Generally, for most use cases, just having two servers and good backups is the best option. If you have a greenzone, turn your VMs off, do your updates, turn them back on.
Updates essentially never cause issues. Not on hypervisors (at least not on KVM/Xen.) Putting in a lot of complexity, cost, or risk to mitigate a shark attack isn't worth it. You will focus on a false risk.
All of the hypervisors are built for this. It's the storage and clustering that may or may not be built for this. As a rule, highest performance systems are not clustered at all, the can't be. Clustering takes a performance hit.
But in the extreme performance space products like VMware and Starwind are the top dogs. Both have multiple solutions, but they are using tech like memory sharing, localized data, NVMEoF, log structuring, and others to do things that Gluster just can't do. So much so that products like Gluster sometimes use these techs on top to accelerate them (example: Starwind makes a CEPH accelerator platform.)
Clustering is done when the cost of clustering is low versus the risk of not clustering.

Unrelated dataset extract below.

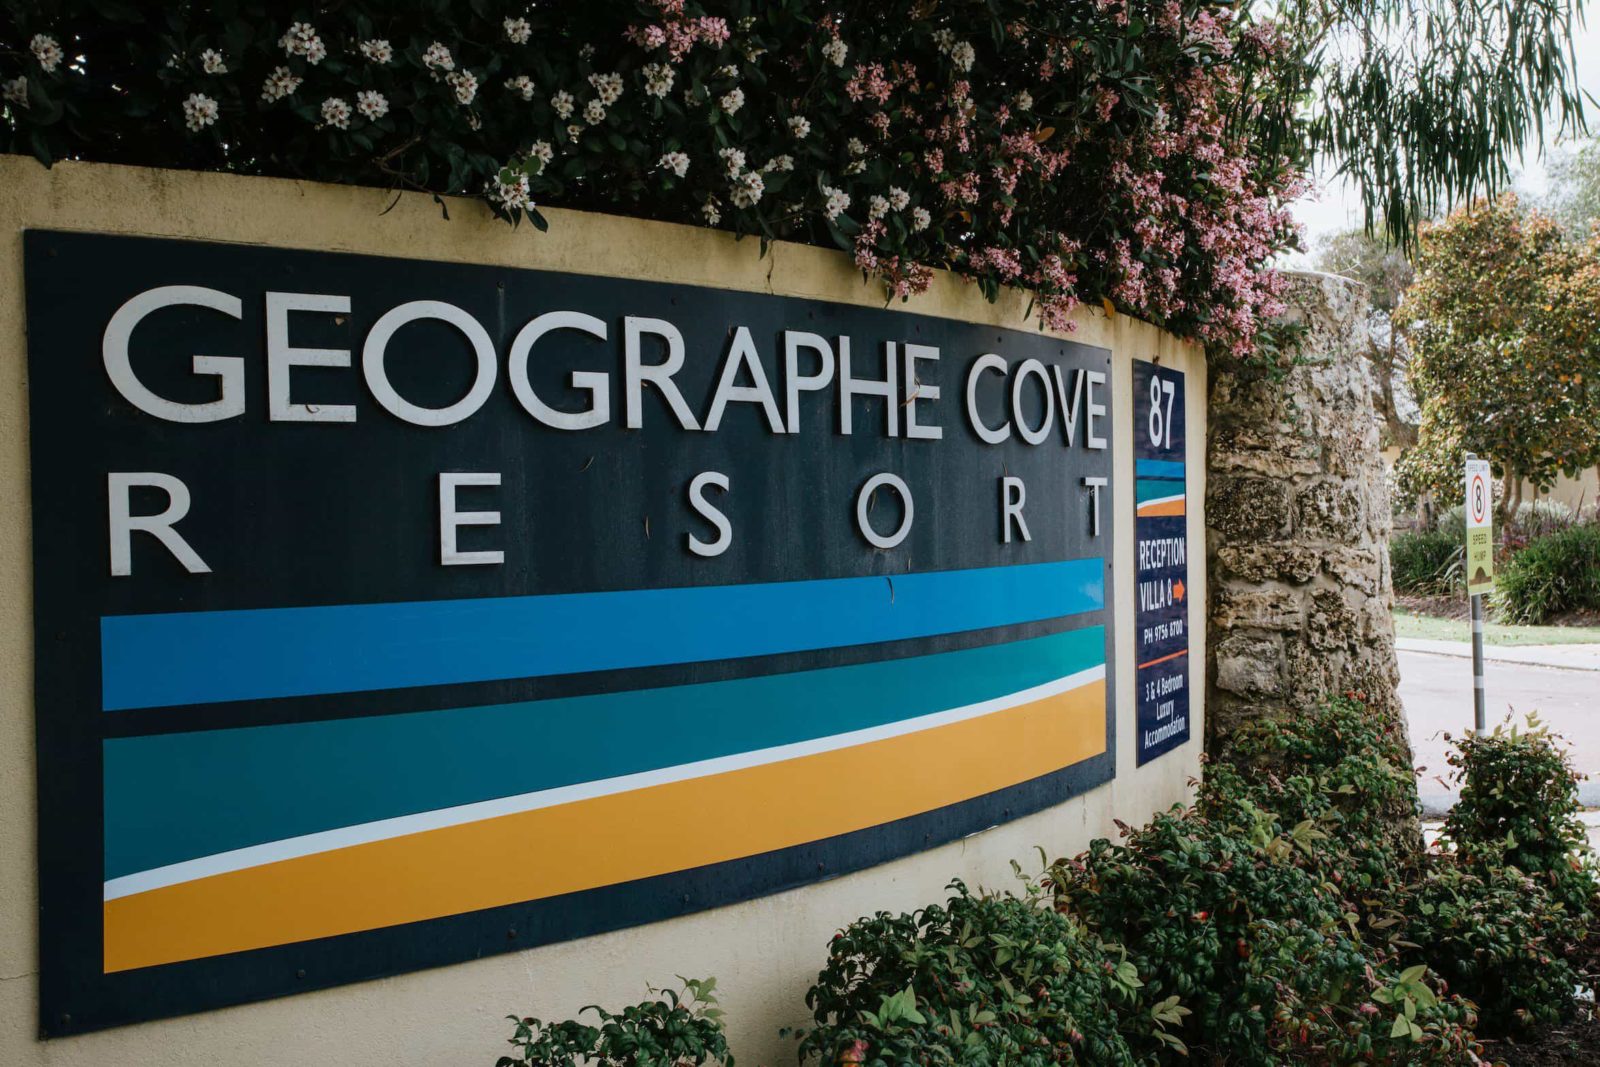 Geographe Cove Resort, Dunsborough, Western Australia
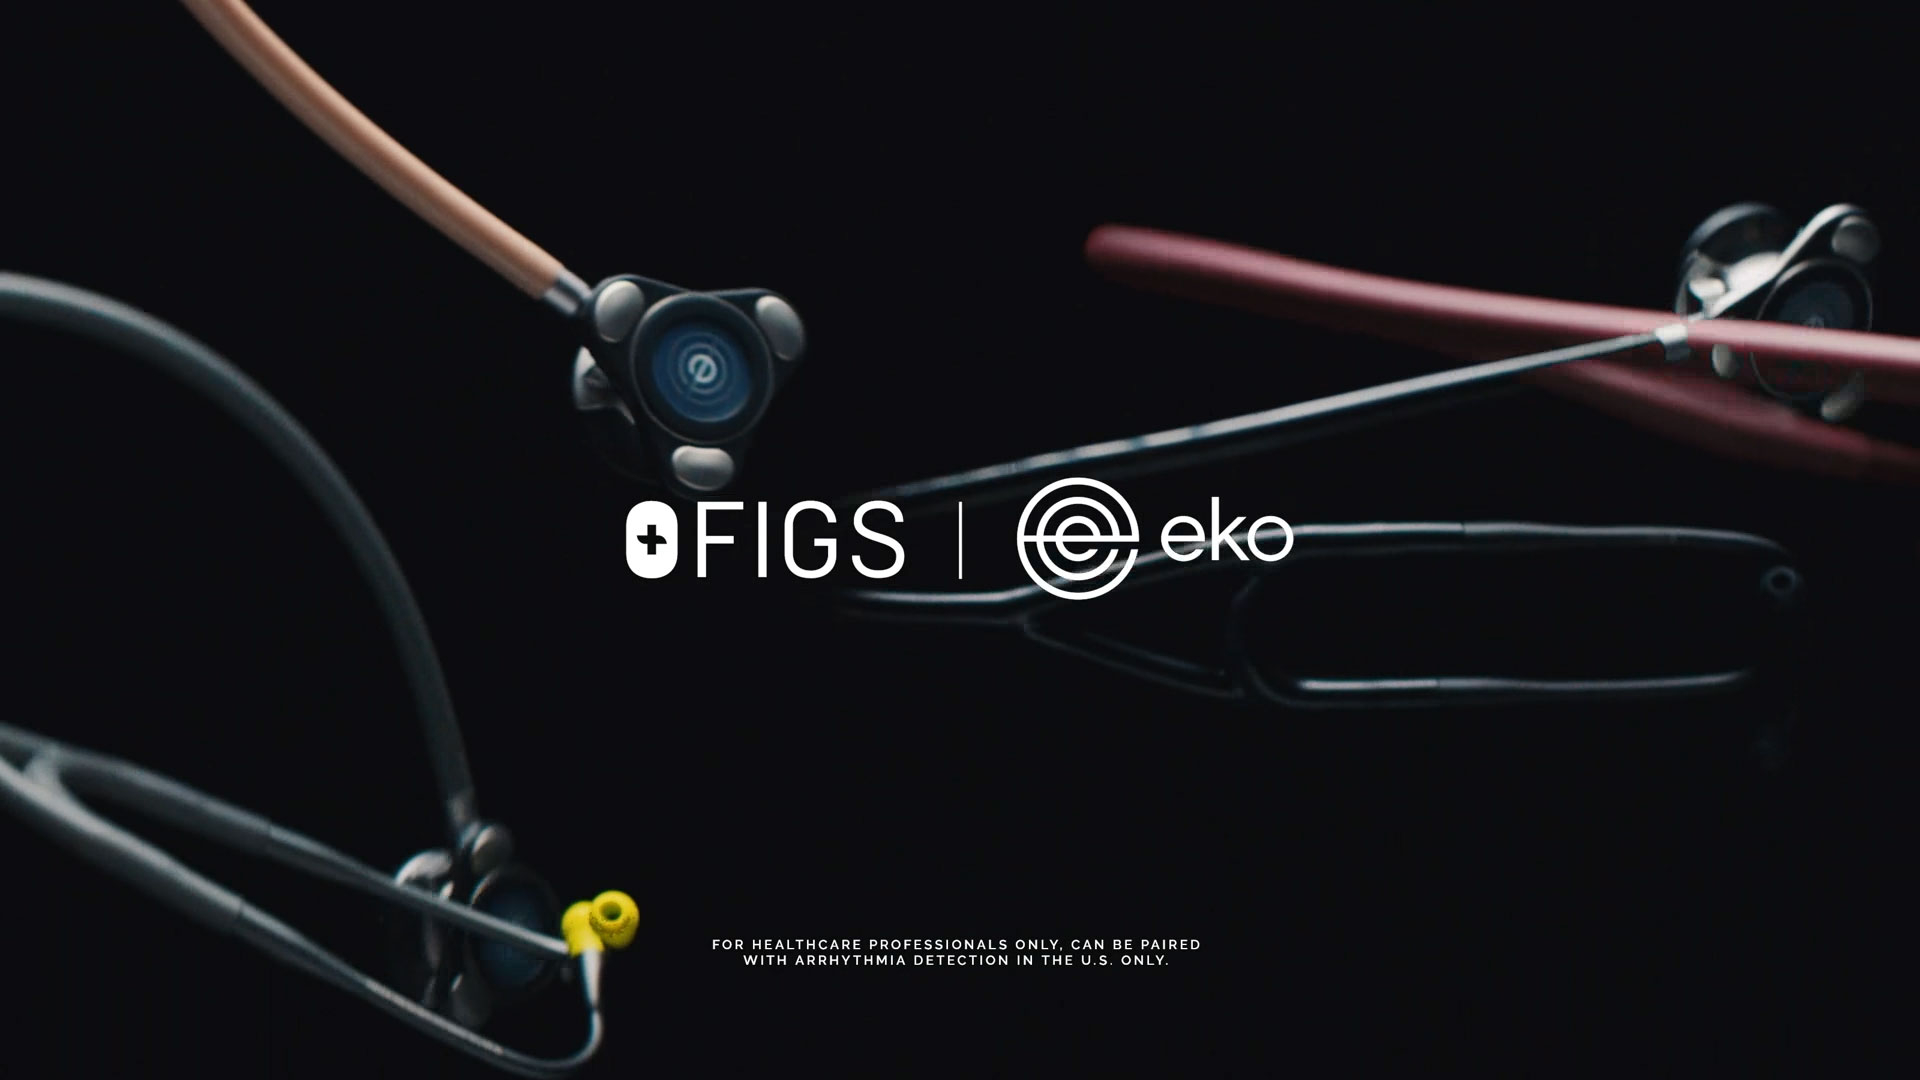 Figs | Eko Core 500 Digital Stethoscope Unisex Black O/S

I would change that slightly to Clustering is done when the cost of clustering is low versus the cost of not clustering. A risk is always a cost, but some costs are not risks. For example taking down a hypervisor for maintenance vs moving guests to another node and taking down a free node for maintenance.
Sure, using risk cost vs investment cost as cost v cost is a perfect valid way to look at it. I use that all the time in the opposite way.
You can say that risk is a cost. Or conversely, you can look at the clustering cost up front as essentially a "financial event" similar to an outage.